На смену этим сумбурным размышлениям пришло осознание, что он по-прежнему не знает правды. Он вспомнил о письме, которое читал отец: изменит ли оно что-то в его представлении о своем долге? В юноше пробудилось всепоглощающее любопытство. Оставив отца в доме, он выбежал на свежий воздух, повинуясь инстинкту, что всегда побуждает мятежный ум искать успокоения в движении. Он поспешил в Гайд-парк; в сумерках тот казался бескрайним пустырем. Он мерил шагами лужайку и ничего перед собой не видел, ничего не замечал, кроме войны, что велась в его душе. Наконец желание избавиться от сомнений стало нестерпимым; ему показалось, что прошло уже много времени, и он решил, что отец его заждался. На лондонских башнях пробили часы; он насчитал одиннадцать и понял, что минуло чуть больше часа.
Глава XXXIV
Невилл вернулся домой, остановился на пороге гостиной: легкий шум сообщил ему, что отец все еще там; рука уже легла на дверную ручку, но юноша ушел, не желая являться без приглашения. Он бродил по темным пустым комнатам, пока не услышал колокольчик. Сэр Бойвилл вызывал его; Невилл поспешил в гостиную и устремил взгляд на отца, пытаясь прочесть его мысли. Лицо сэра Бойвилла обыкновенно было отмечено выражением холодной сдержанности с примесью сарказма. Сейчас это впечатление усилилось; лицо пожилого джентльмена, увядшее и изрезанное морщинами, сложилось в необыкновенно красноречивую мину глубочайшего презрения с поджатыми губами и высоко поднятыми бровями. Он указал на лежавшие перед ним бумаги и холодным гулким тоном произнес:
— Забери письмо; прочти его, ты должен; в нем ты найдешь многословную исповедь убийцы!

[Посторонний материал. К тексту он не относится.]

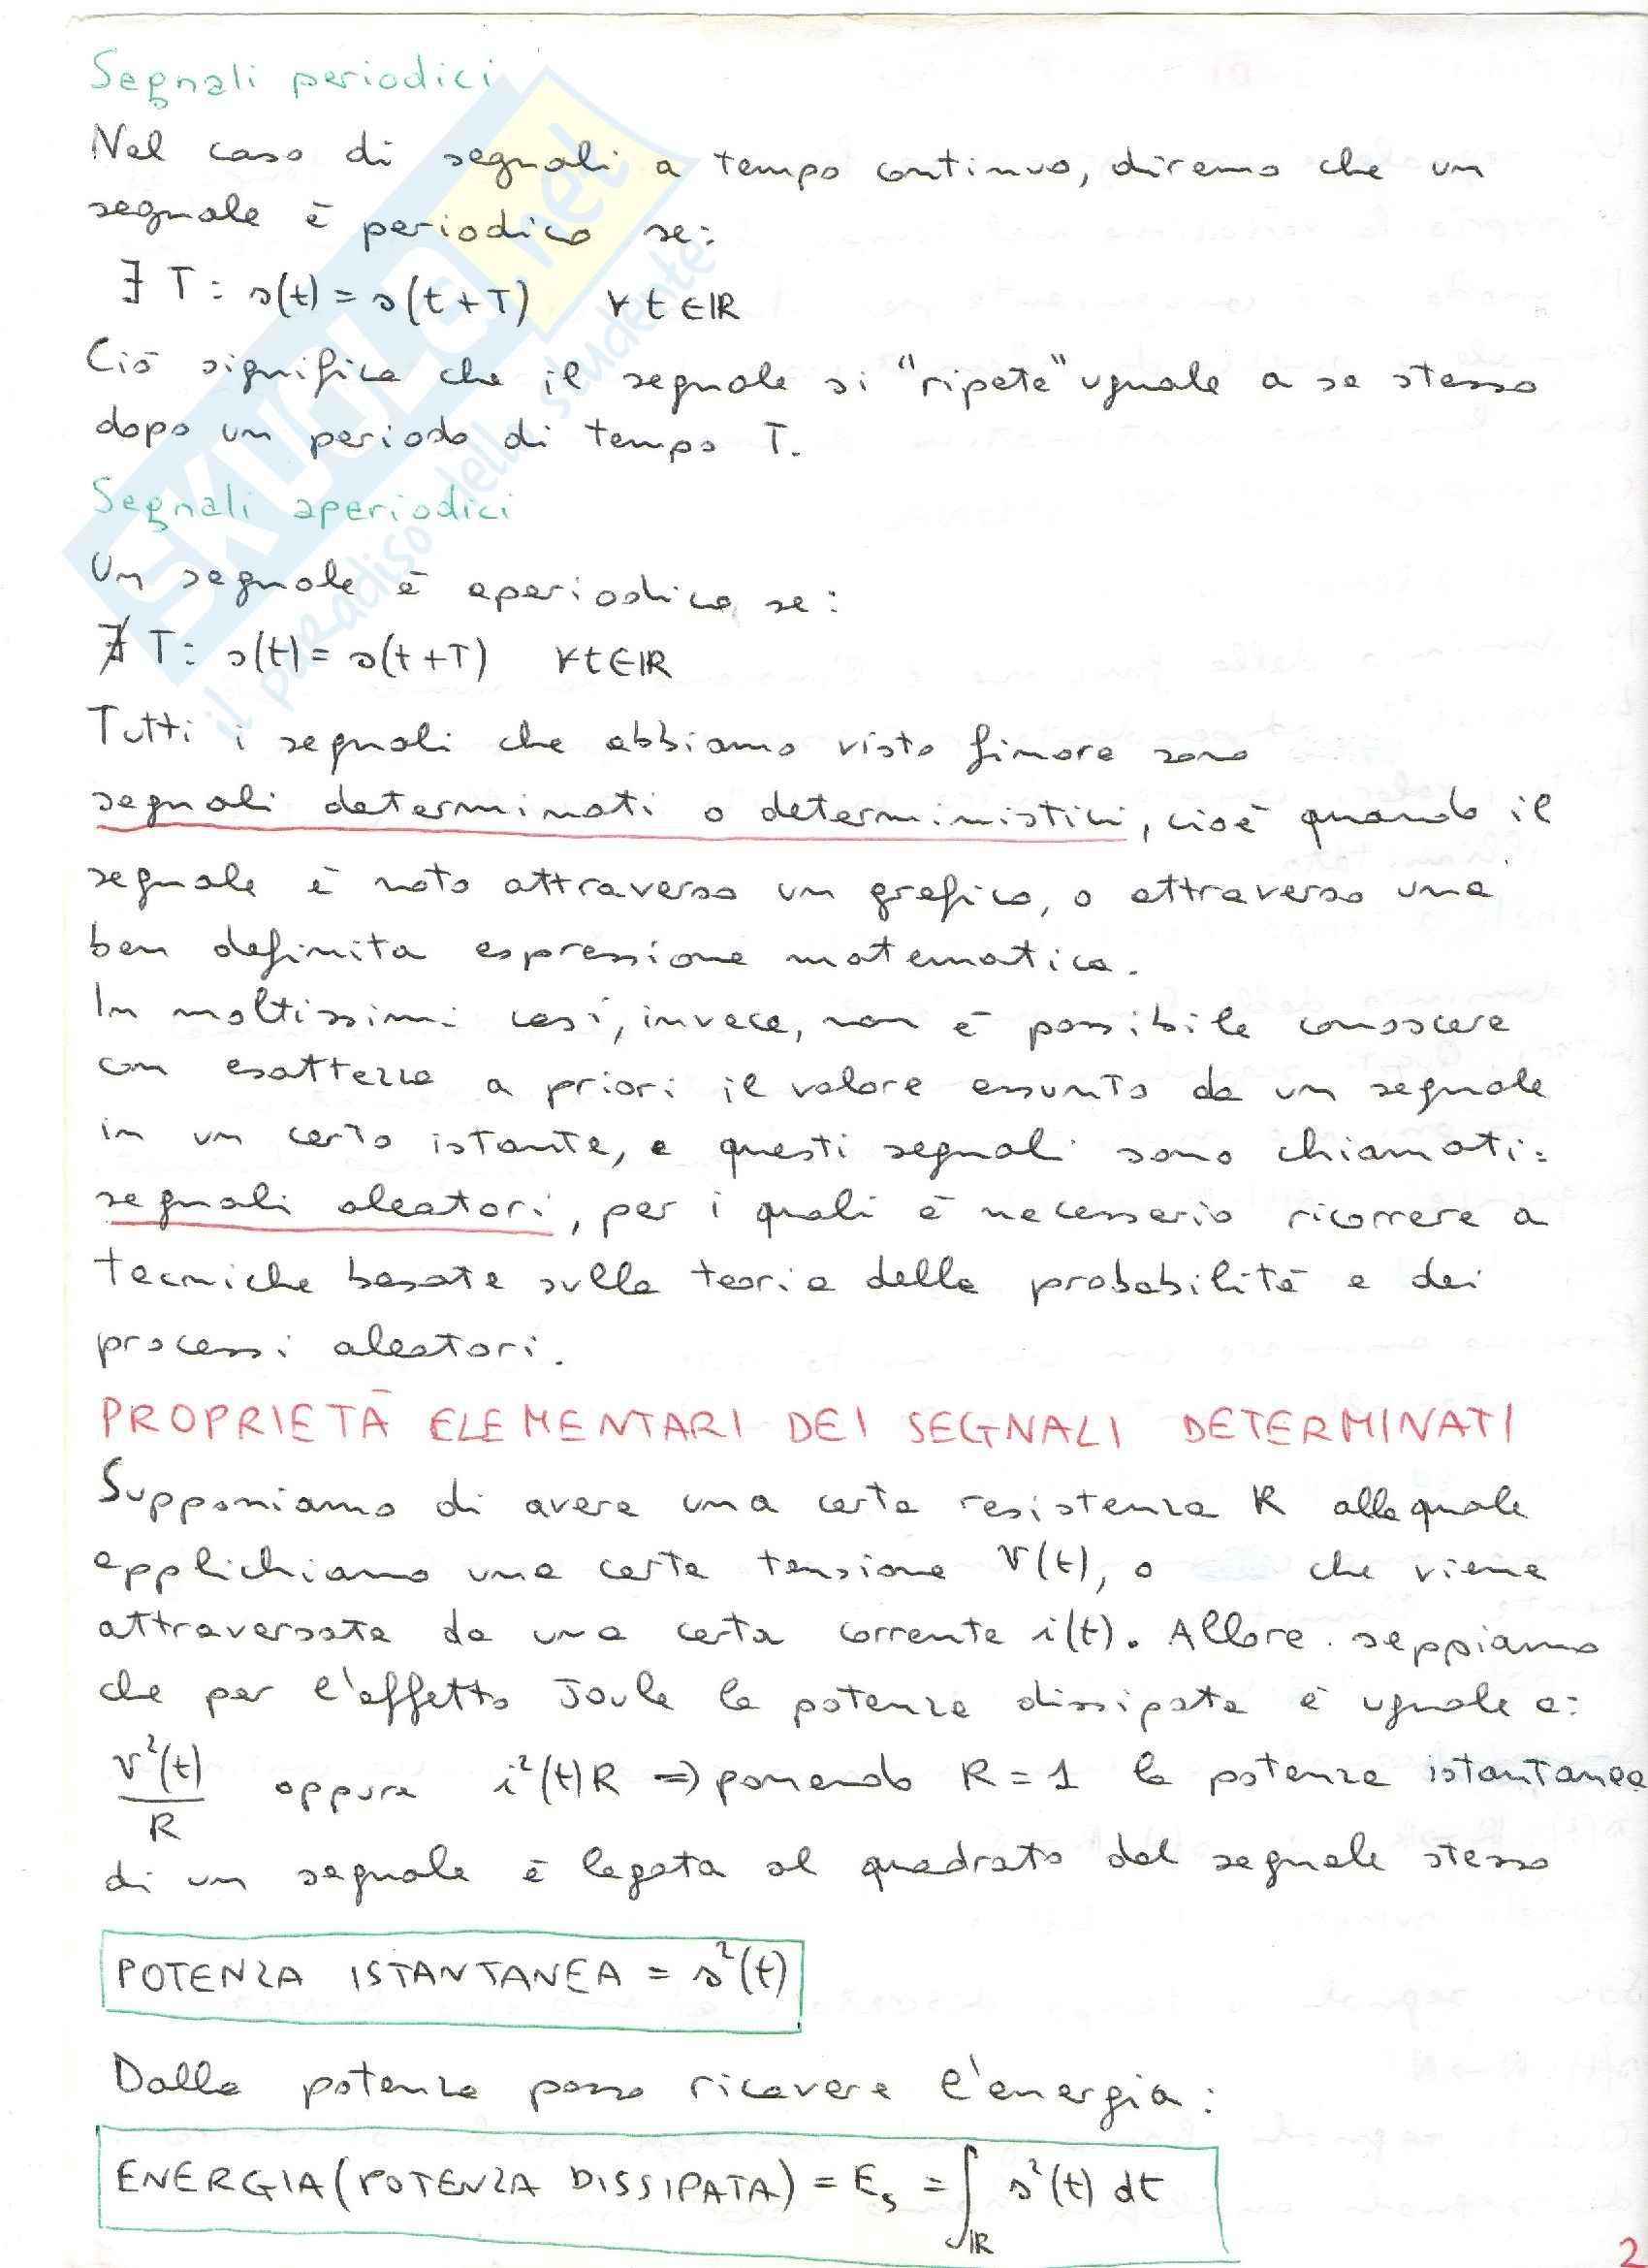 Teoria dei segnali - comunicazioni elettriche Pag. 2

Кровь похолодела в жилах Джерарда.
— Впрочем, стоит ли называть это исповедью, — продолжал сэр Бойвилл, и выражение презрения на его лице сменилось гневной неприязнью, — ведь это гнусная ложь от начала до конца! Он может сколько угодно приукрашивать свое очевидное злодейство и пытаться уйти от наказания, но ничего не выйдет. Читай, Джерард, читай, и сам удостоверься, что я прав. Я напрасно осудил твою мать, она чиста; ее убили. Будь покоен, о ее невиновности услышат все, как услышали прежде обвинения в ее адрес. А в расплату за ее смерть тот, кто ее уничтожил, сам должен умереть.
— Поручи это мне, — сказал Джерард, который весь побледнел и задрожал от раздиравших его страстей. — Я сам ему отомщу. Я встречусь с мистером Фолкнером.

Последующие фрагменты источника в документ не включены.